Revisiting Union Types in Swift for typed throws

Revisiting Union Types in Swift

This topic has been discussed many times, and Union Types were always rejected for the language.
However, I believe the situation has changed significantly since Swift introduced typed throws.

Currently, if a throw function calls multiple throwing methods with different typed errors, we have two options:

  1. Erase the type by declaring throws Error, losing all static guarantees.
  2. Create an enum listing every possible error type, and then wrap every try in a do/catch block to map those errors manually.

Both solutions add unnecessary boilerplate and reduce readability.

Union Types could solve this problem elegantly.
The compiler could infer the union of all thrown error types inside a function, even without explicitly declaring it - just like it already does with other type inference.

For example:

func load() throws (NetworkError | DecodingError) {
    try fetchData()
    try parseData()
}

or simply

func load() throws { // NetworkError | DecodingError is inferred implicitly
    try fetchData()
    try parseData()
}

And if fetchData() or parseData() change their error types, the compiler could update the union automatically.

Given that Swift already supports anonymous types (like tuples and closures), I think Union Types would fit naturally into the language model and make typed errors far more practical in real projects.

5 Likes

Implicitly inferring the types of the thrown errors would mean that the whole body of the function has to be parsed in order to know which error types are thrown. And if fetchData() or parseData() don’t explicitly declare their thrown types, then you’d also have to parse their function bodies in order to type-check the functions, recursively until you find a function that either declares all its thrown types, or that doesn’t throw at all. In a pathological case, you’d have to parse the entire project just to know the types thrown by this one function.

I’m not an expert on the implementation of the compiler, but my understanding is that one of the goals is that the compiler should only need the declaration of a given function to know whether it is valid to call it. Requiring it to parse the body of the function as well could result in significant compilation-time slowdowns.

10 Likes

While I agree that union types should be added, this statement is not even true for closures.

{ try fetchData() } // () throws -> _
{ () throws(NetworkError) in try fetchData() } // () throws(NetworkError) -> _
1 Like

I believe the current way that you could match Swift’s implementation for:

func load() throws { ... }

would be:

func load() throws(any Error) { ... }

Are you wanting something to generate an equivalent to the following?
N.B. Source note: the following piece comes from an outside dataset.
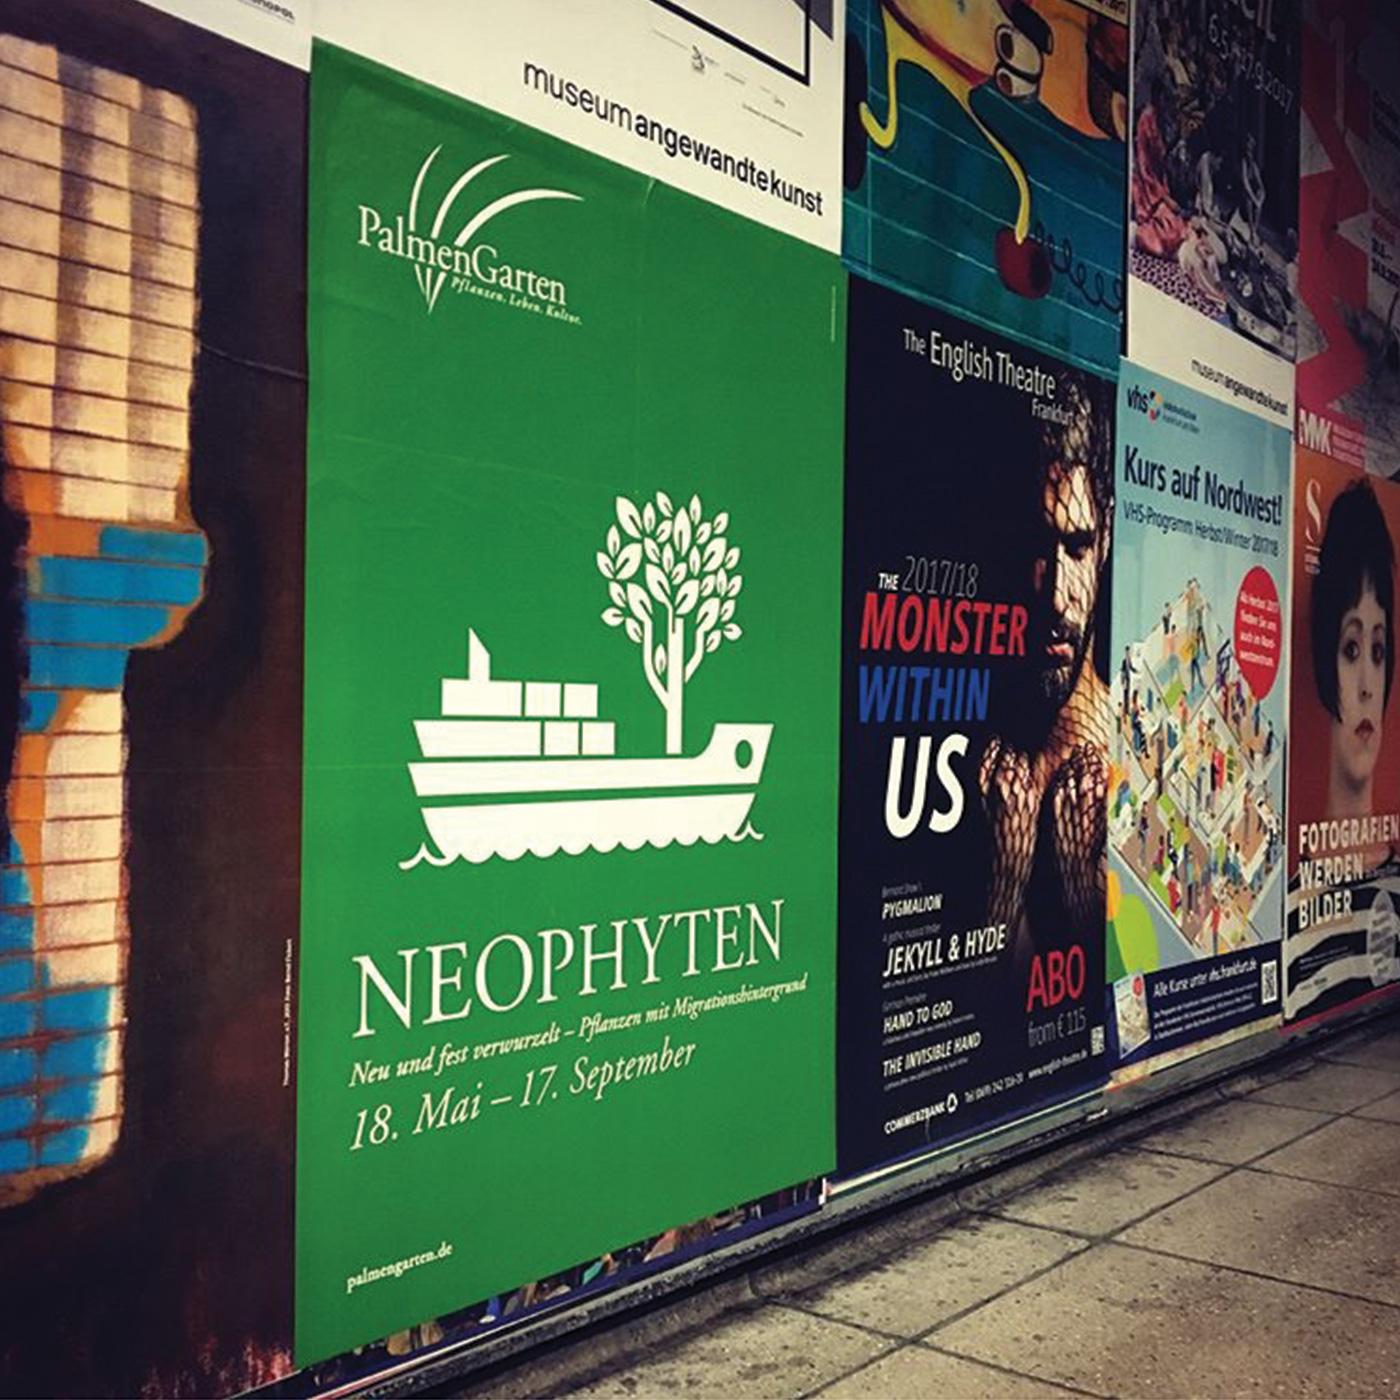 pictograms_andre_levy_zhion_vector_campaign_palmengarten_frankfurt_christian_schoen_neophyten_minimal_icon_poster_3.jpg

protocol NetworkDecodingError: Error { }

extension NetworkError: NetworkDecodingError { }
extension DecodingError: NetworkDecodingError { }

To then write

func load() throws(any NetworkDecodingError) { ... }

If we were to infer the Error types it could very well break ABI and require more effort to determine this data if many recursively nested functions were used. Also it would be more verbose to state that the Error shouldn’t be typed as you would need to write throws(any Error) and creates an obfuscation layer where two apparently untyped throws’ would be incompatible.

The current method is to write this

enum NetworkDecodingError: Error {
    case network(error: NetworkError)
    case decoding(error: DecodingError)
}
1 Like

Declaring a protocol is the easiest approach for now, but it’s not very useful because you can’t exhaustively switch over all possible conforming types. The compiler won’t help you, so there’s little difference between this approach and completely erasing the error to any Error.

An enum is better:

enum NetworkDecodingError: Error {
    case network(NetworkError)
    case decoding(DecodingError)
}

But you’ll still have to manually map all errors:

func loadData() async throws(NetworkDecodingError) {
    do {
        try fetchData()
    } catch {
        throw .network(error)
    }

    do {
        try parseData()
    } catch {
        throw .decoding(error)
    }
}
1 Like

It is also incompatible one with of the main motivations for introducing typed throws in the first place (i.e. embedded swift). From SE-413

Existential error types incur overhead

Untyped errors have the existential type any Error, which incurs some necessary overhead, in code size, heap allocation overhead, and execution performance, due to the need to support values of unknown type. In constrained environments such as those supported by Embedded Swift, existential types may not be permitted due to these overheads, making the existing untyped throws mechanism unusable in those environments.

1 Like

As much as I like the idea in principle, I seem to remember the core team being very explicitly against it. But also, how would you catch the errors? Would the union of two error enum behave like a bigger enum, with all cases from both enums, meaning you don’t have to un-nest them when catching them?

1 Like

Yeah, it's in frequently rejected proposals.

I guess like so:

do {
	try load()
} catch let error as NetworkError {
    ...
} catch let error as OtherError {
    ...
}

Union types could be implemented as if they were written:

enum AnonymousUnionType_123 {
    case case1(NetworkError)
    case case2(DecodingError)
}

automatically wrapped / unwrapped by the compiler, so you won't see or use them as enum.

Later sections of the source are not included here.